Graphing results of dbscan in R

droops picture droops · Jul 26, 2011 · Viewed 7k times · Source

Your comments, suggestions, or solutions are/will be greatly appreciated, thank you.

I'm using the fpc package in R to do a dbscan analysis of some very dense data (3 sets of 40,000 points between the range -3, 6).

I've found some clusters, and I need to graph just the significant ones. The problem is that I have a single cluster (the first) with about 39,000 points in it. I need to graph all other clusters but this one.

The dbscan() creates a special data type to store all of this cluster data in. It's not indexed like a data frame would be (but maybe there is a way to represent it as such?).

I can graph the dbscan type using a basic plot() call. But, like I said, this will graph the irrelevant 39,000 points.

tl;dr: how do I graph only specific clusters of a dbscan data type?

Answer

joran picture joran · Jul 26, 2011

If you look at the help page (?dbscan) it is organized like all others into sections labeled Description, Usage, Arguments, Details and Value. The Value section describes what the function dbscan returns. In this case it is simply a list (a standard R data type) with a few components.

The cluster component is simply an integer vector whose length it equal to the number of rows in your data that indicates which cluster each observation is a member of.

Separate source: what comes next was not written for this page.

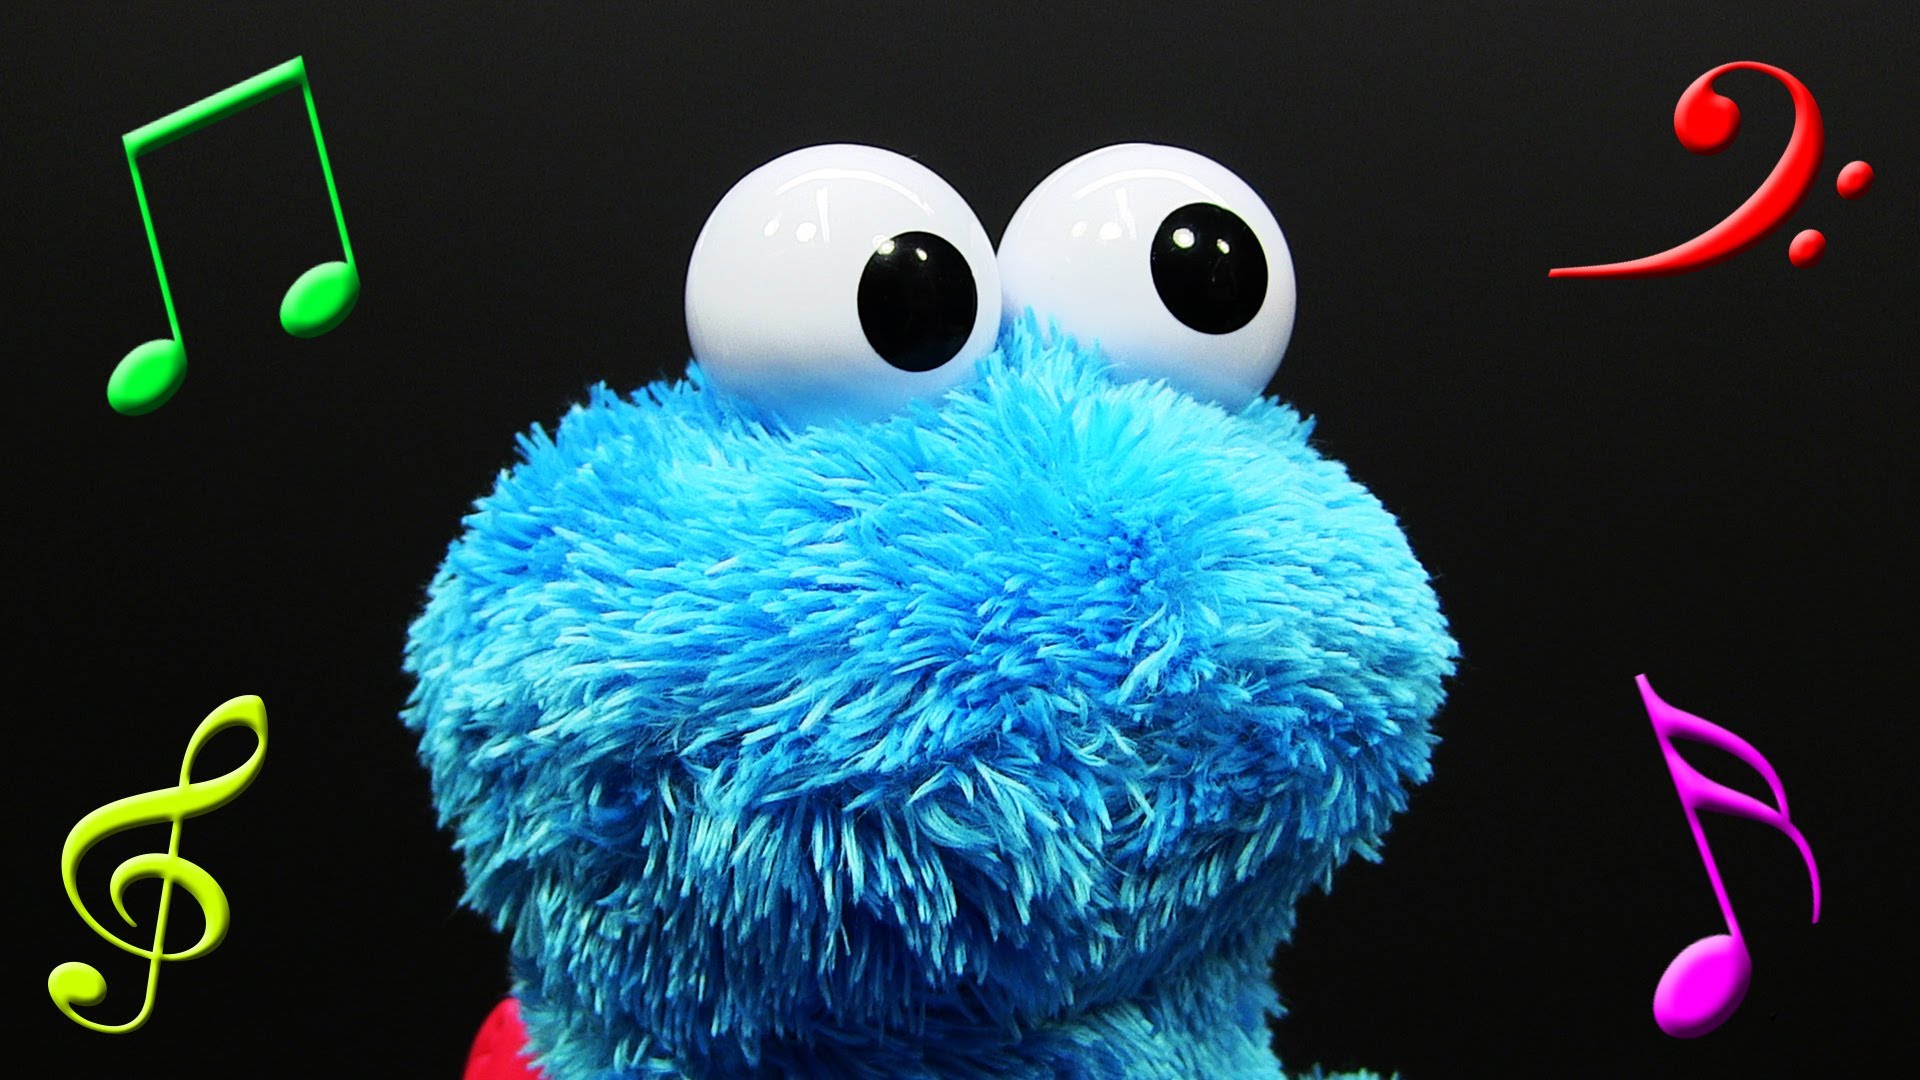 High Resolution Cookie Monster Music Wallpaper Hd 1080p Full Size ...
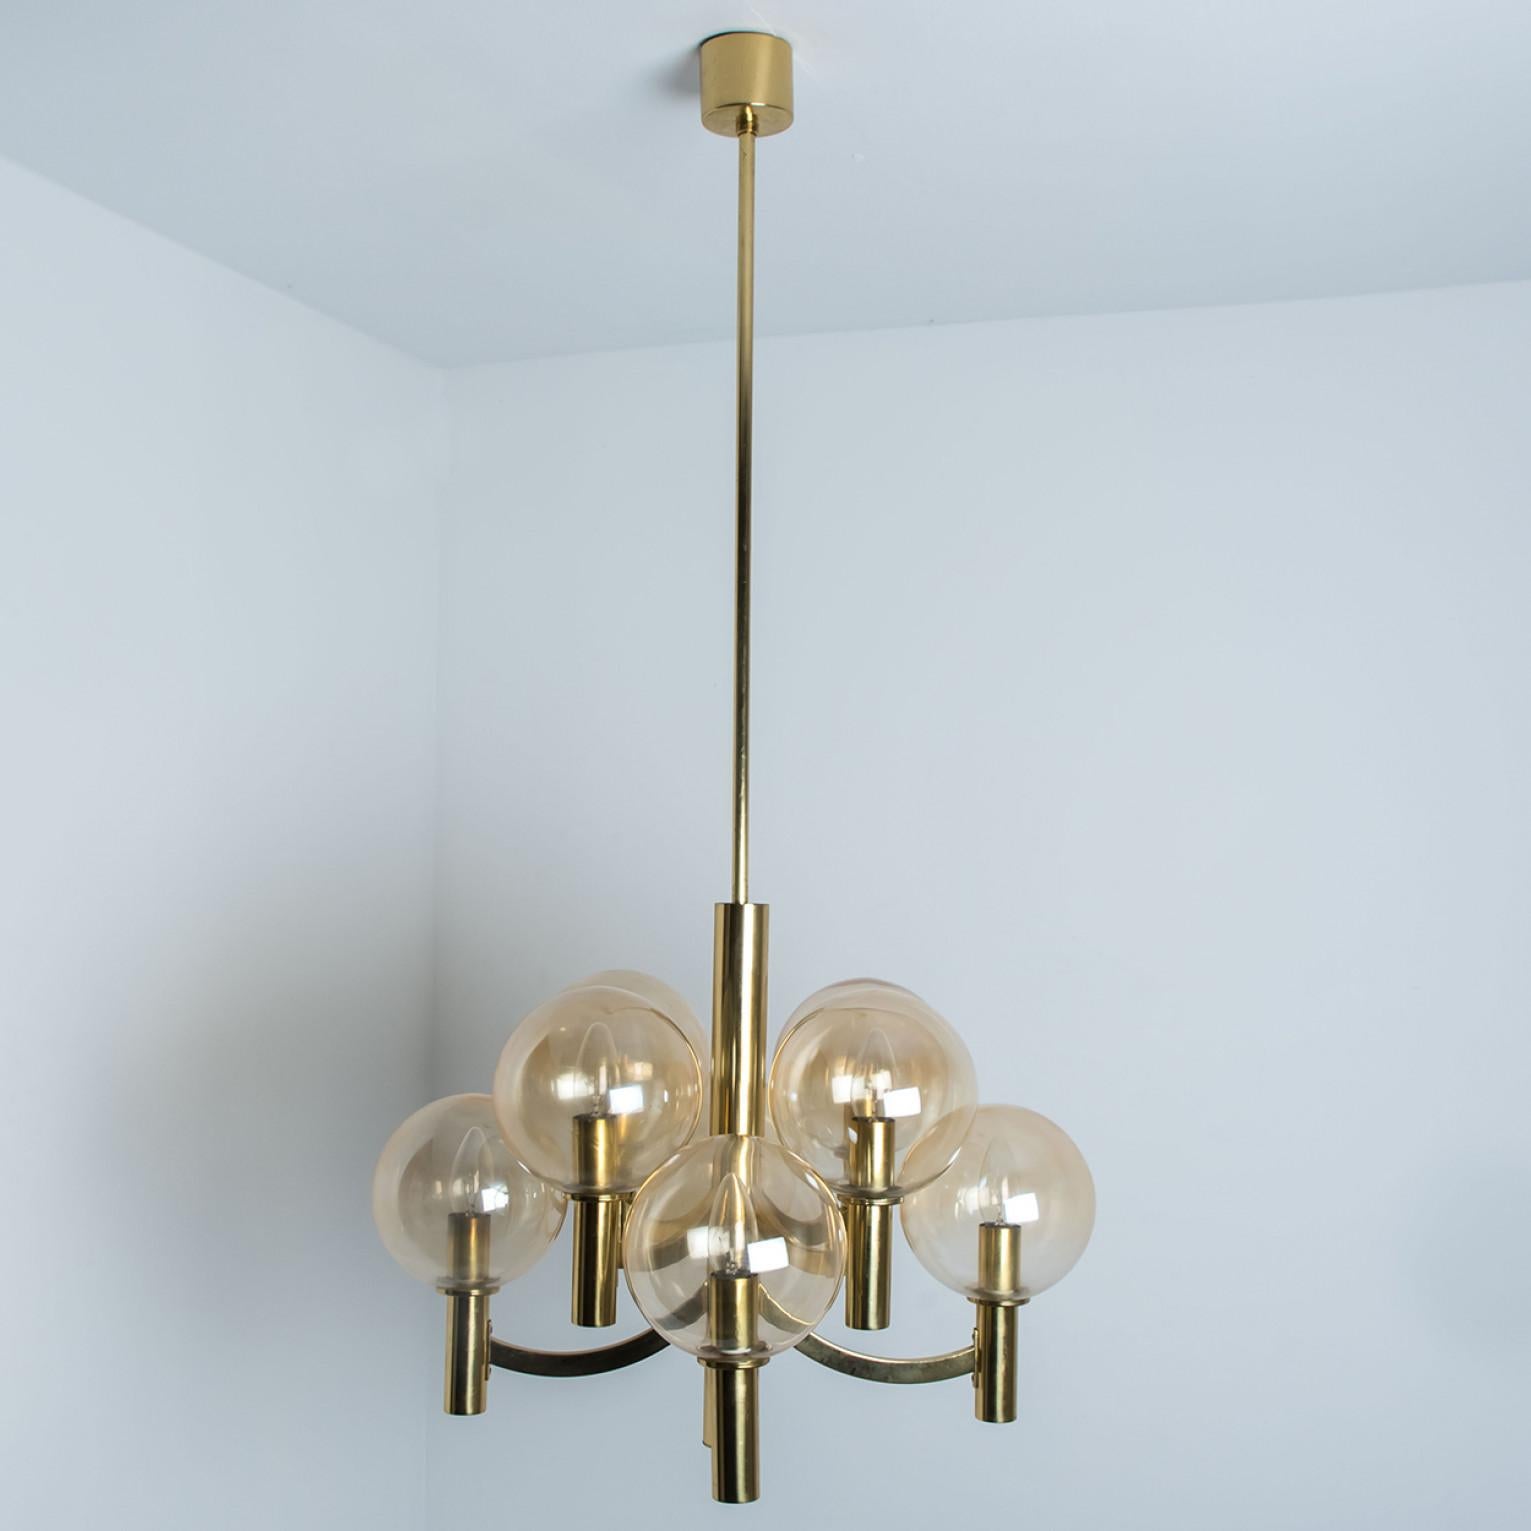 Brass and Clear Glass Chandelier, Jakobsson, 1970s For Sale 2

So you can use this vector to subset your data to extract only those clusters you'd like and then plot just those data points.

For example, if we use the first example from the help page:

set.seed(665544)
n <- 600
x <- cbind(runif(10, 0, 10)+rnorm(n, sd=0.2), runif(10, 0, 10)+rnorm(n,
    sd=0.2))
ds <- dbscan(x, 0.2)

we can then use the result, ds to plot only the points in clusters 1-3:

#Plot only clusters 1, 2 and 3
plot(x[ds$cluster %in% 1:3,])